═════ INPUT DATA ═════

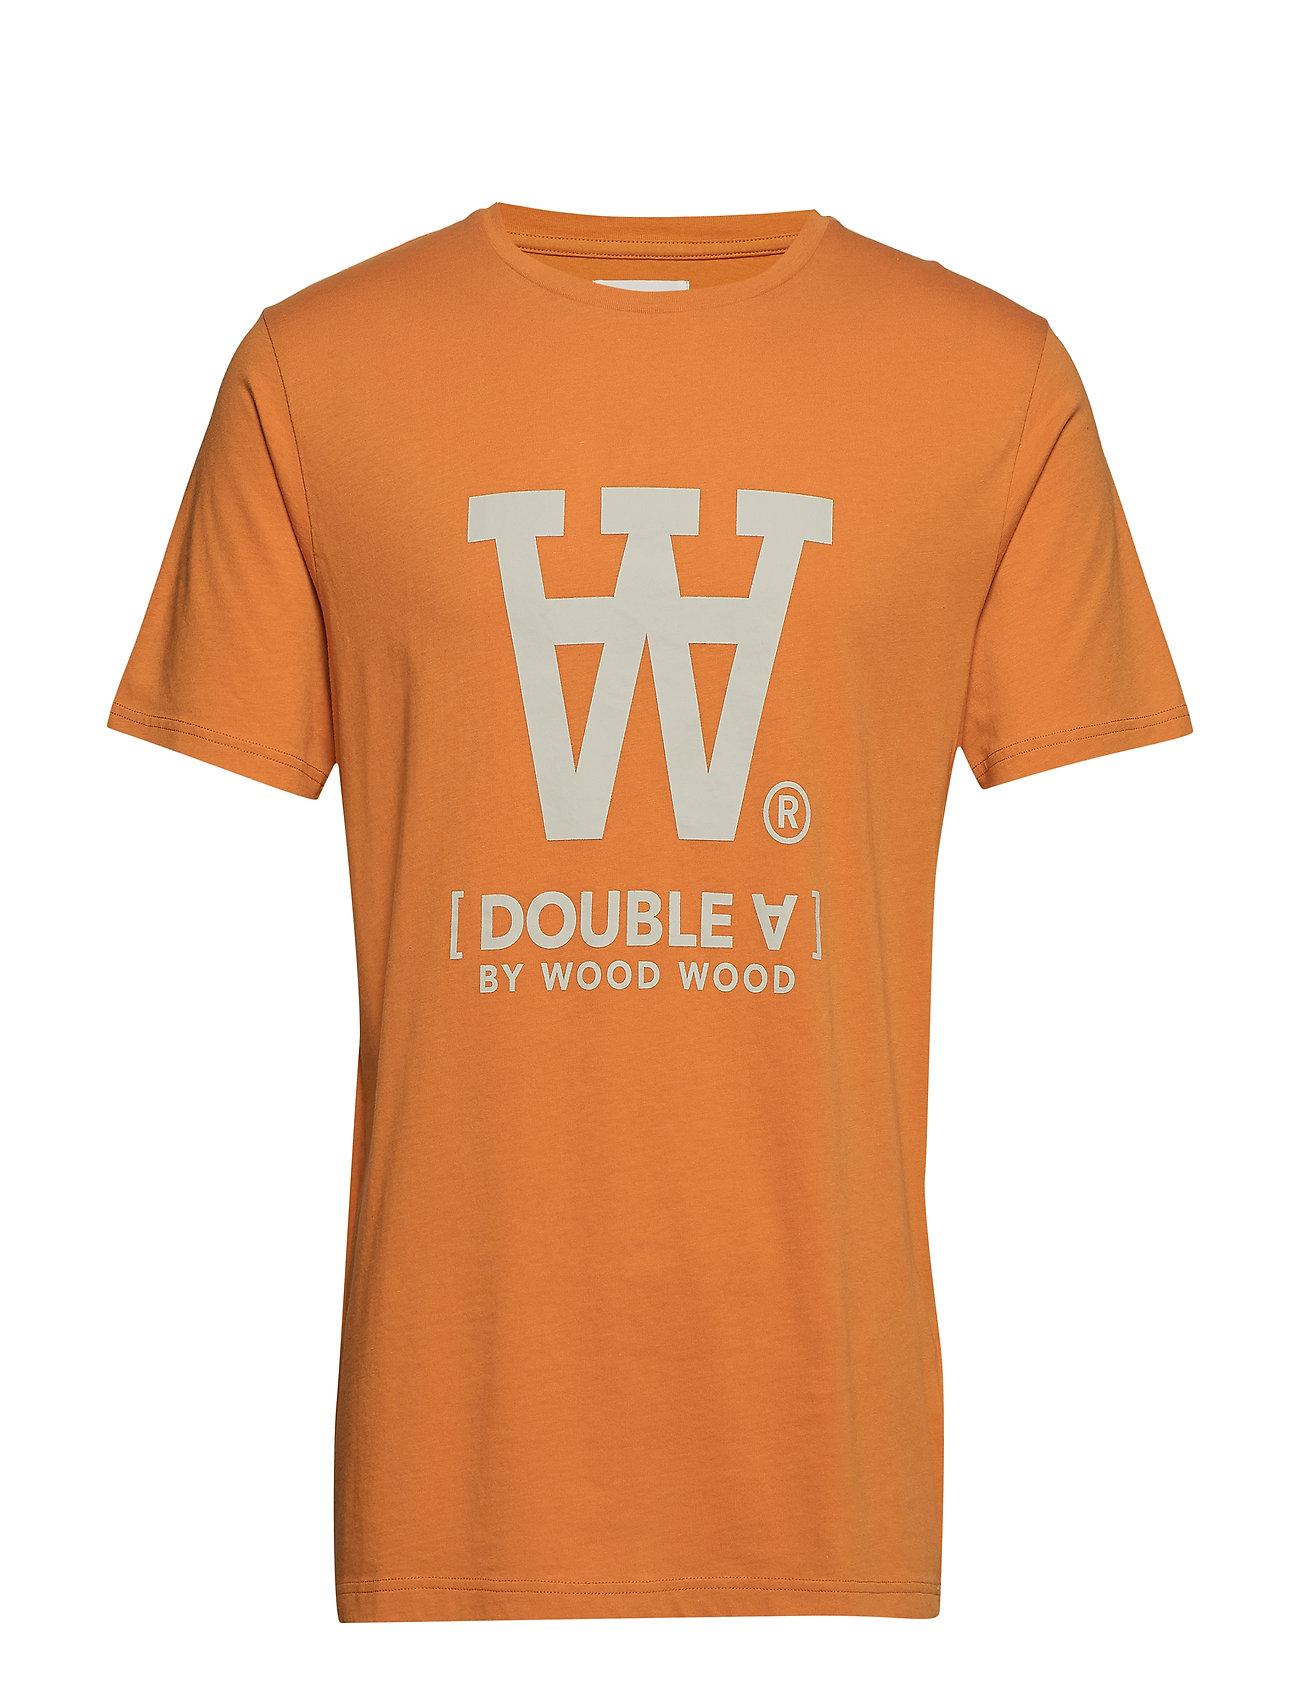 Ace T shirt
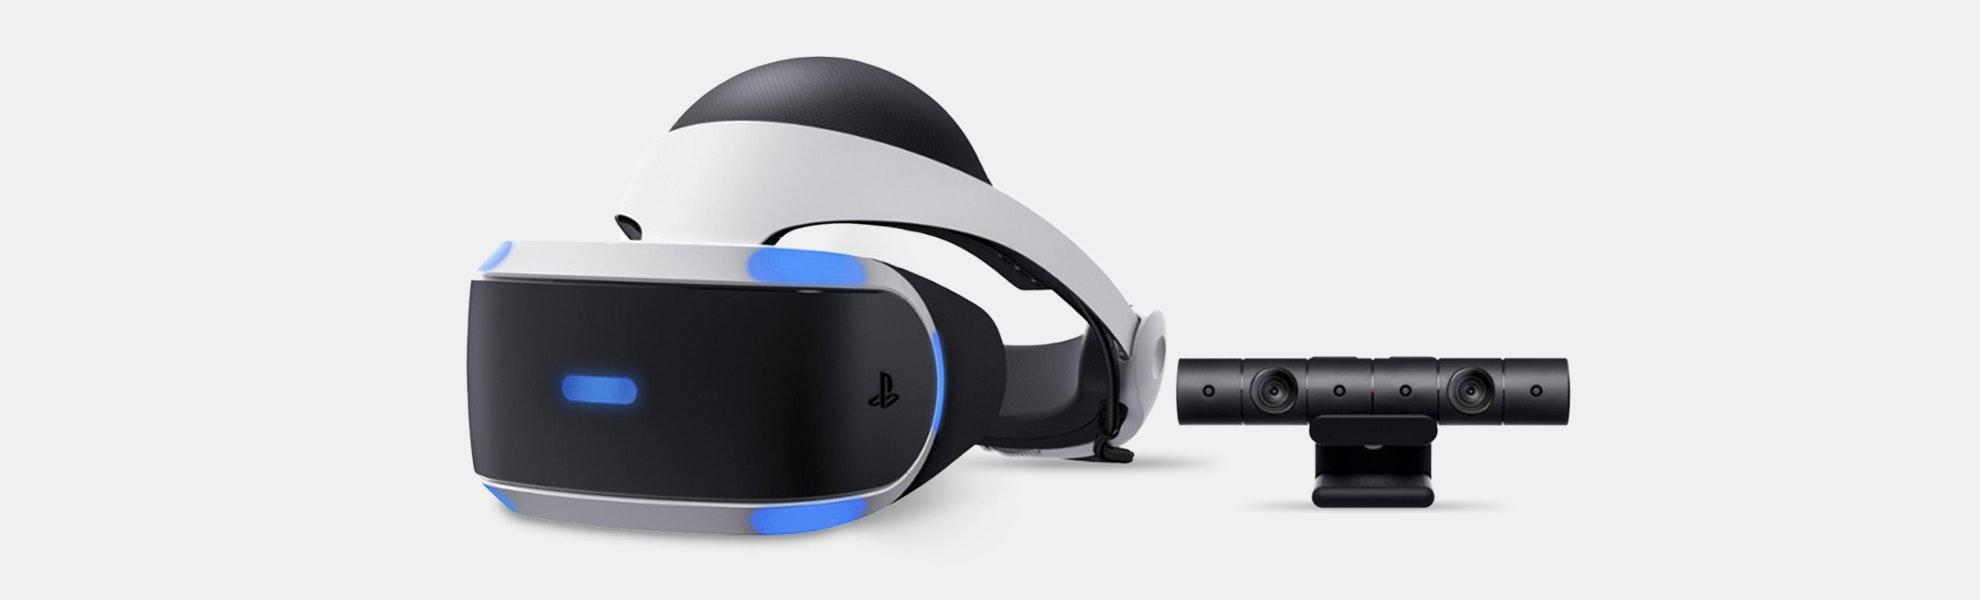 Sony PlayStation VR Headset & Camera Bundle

═════
═════ INPUT DATA ═════

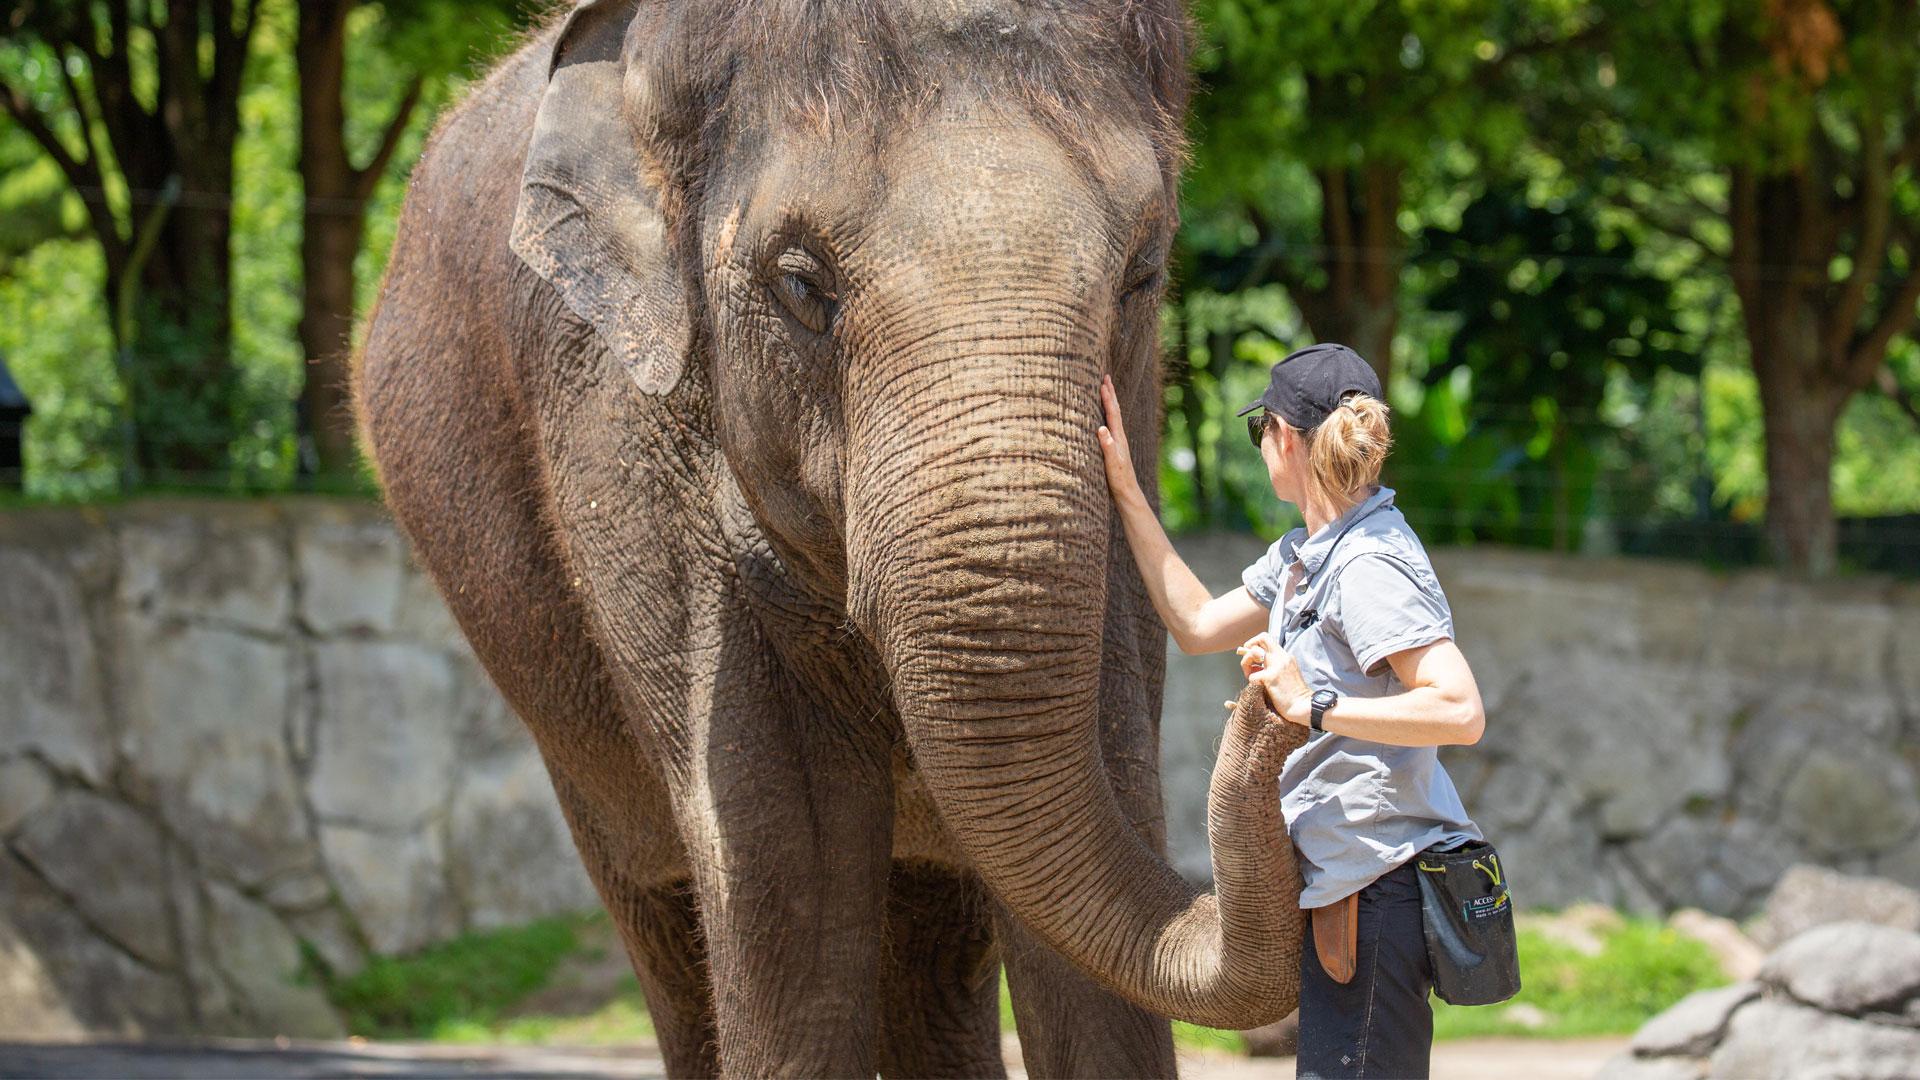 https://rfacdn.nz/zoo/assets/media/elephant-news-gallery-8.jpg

═════

_EXERCISE BRIEF_
Could you write out exactly the lines of the data above that run from the one holding "Ace T shirt" to the one holding "Sony PlayStation VR Headset & Camera Bundle", with both ends in and all pictures out?

_ANSWER BOX_
 Ace T shirt
 Sony PlayStation VR Headset & Camera Bundle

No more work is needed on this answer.